I assume that calculators are not allowed, perhaps not even paper and pencil.
With paper and pencil, there is an algorithm to find the square-root of any number accurate to as many digits as we wish. Please post if that is the case.
Without calculator, pen and pencil, we resort to mental arithmetic.
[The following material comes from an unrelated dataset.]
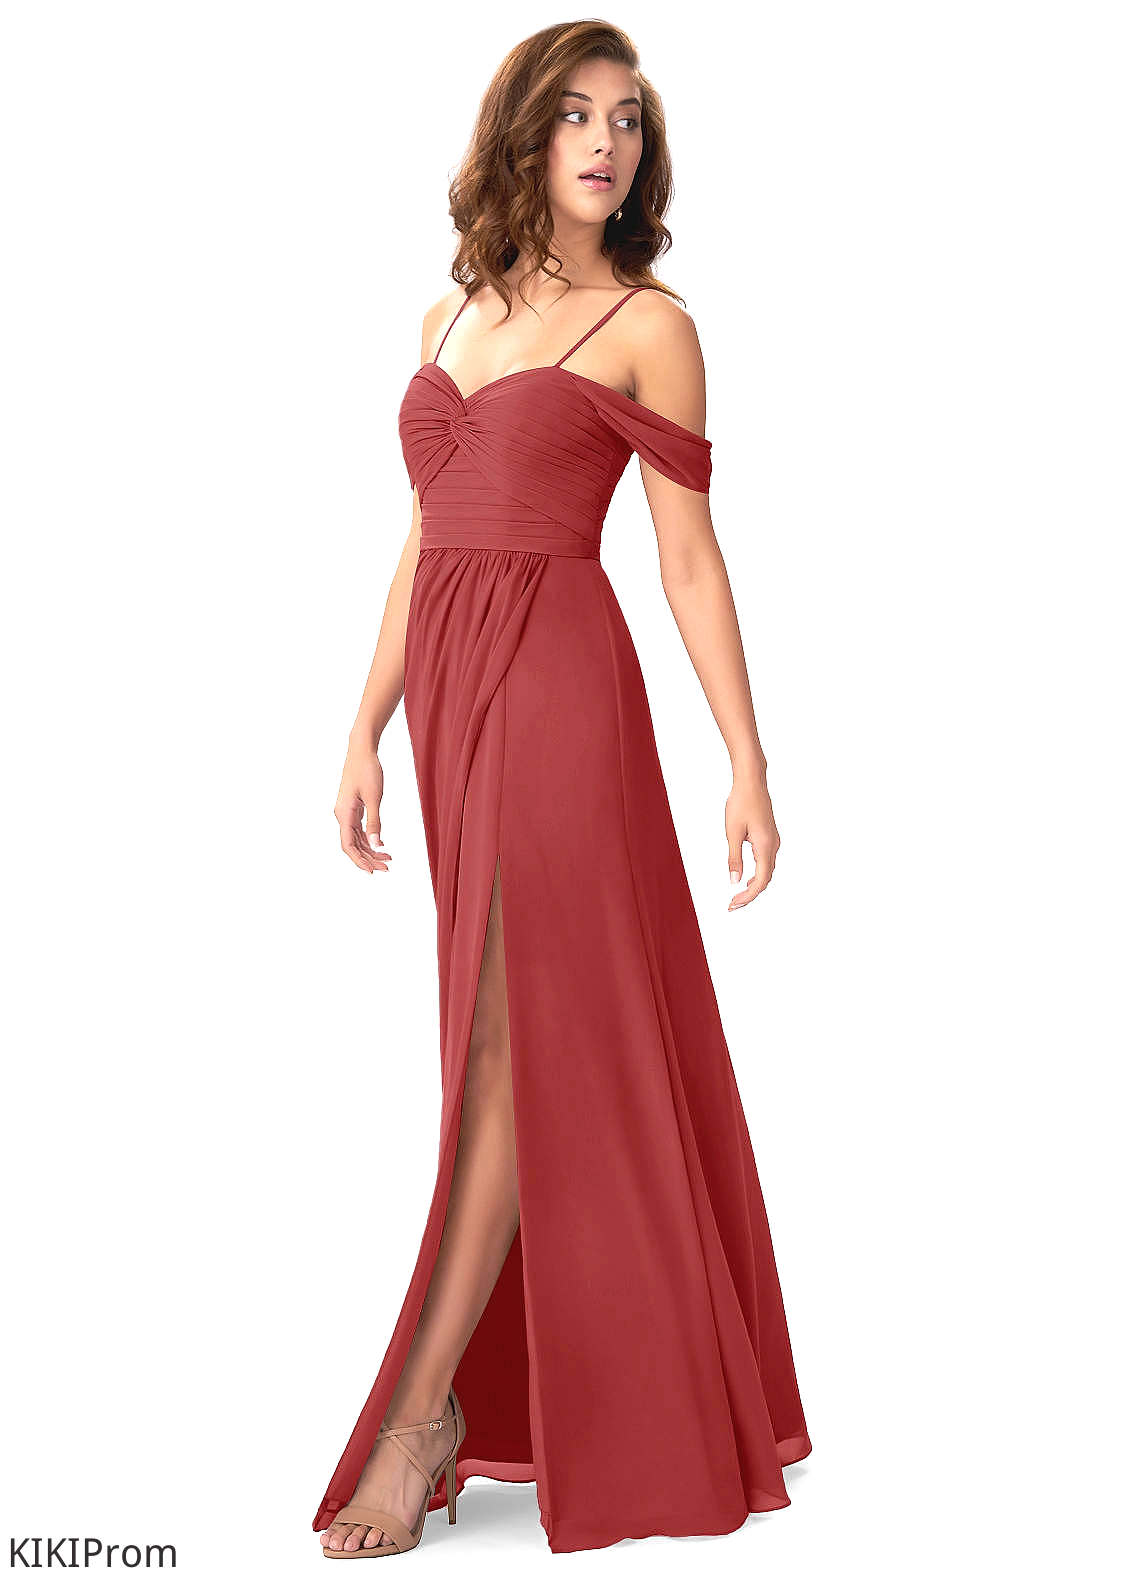 Raelynn Sheath/Column Spaghetti Staps High Low Sleeveless Natural Waist Bridesmaid Dresses
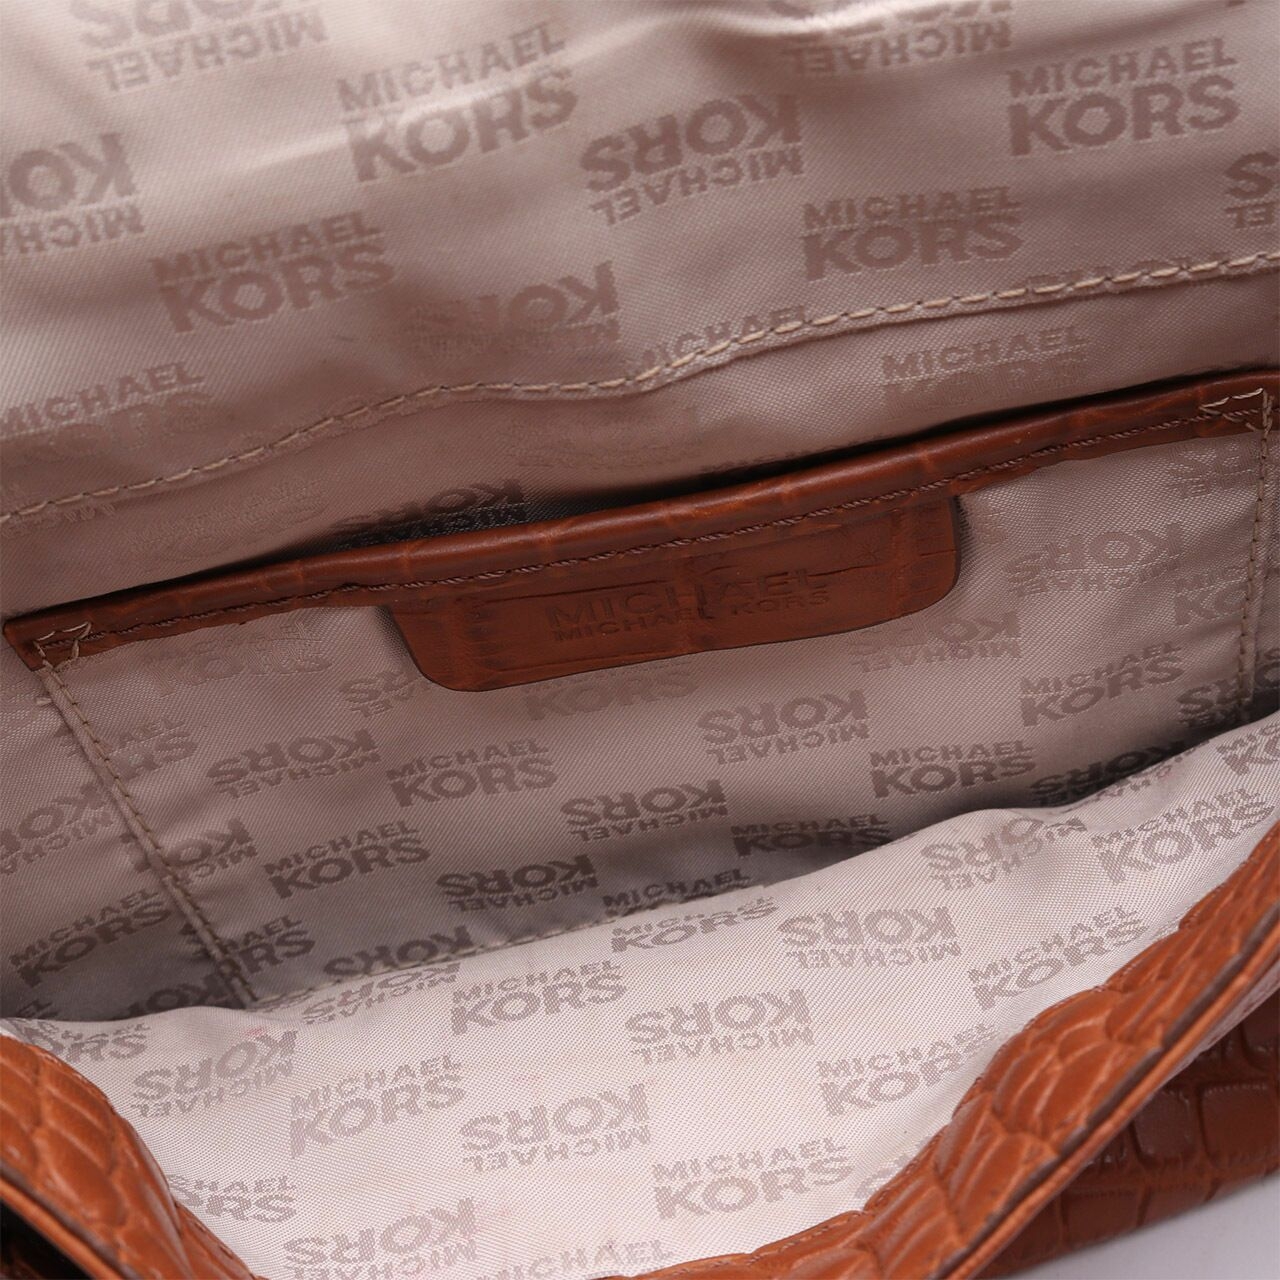 Michael Kors Brown Embossed Leather Sling Bag

Someone with a little practice can memorize or calculate the square of all numbers up to 100, or as many as one can.
Here we can take advantage of exactly the property suggested by Xisca... that is, sqrt(44)=2sqrt(11), which reduces the calculation to more accuracy with a lesser knowledge of the squares of numbers.
As a first approximation, we know that 33*33=1089, or 3.3*3.3=10.89, which is already very close to 11.
Thus a first approximation to sqrt(44)=2sqrt(11)=2*3.3=6.6 (approximately).
To refine the calculation of sqrt(11), we use Newton's approximation, namely
a better approximation is given by 3.3 + (11 - 3.3^2) / (2*3.3) = 3.3+0.11/6.6 = 3.3+1/60
which gives
sqrt(44) = 2(3.3+1/60) = 6.6+1/30 = 6.6333,
actually accurate almost to the nearest 1/10000.
All of the above can be done mentally
For those who need help with rounding to the nearest hundredth (0.01), we drop digits AFTER the 2nd decimal, namely *.**33. If the first digit dropped is 5 or more, add one to the last digit retained, otherwise, retain only the two digits after the decimal. In this case, the first digit dropped is 3, so it will simply be dropped. The final answer is then 6.63, to the nearest hundredth.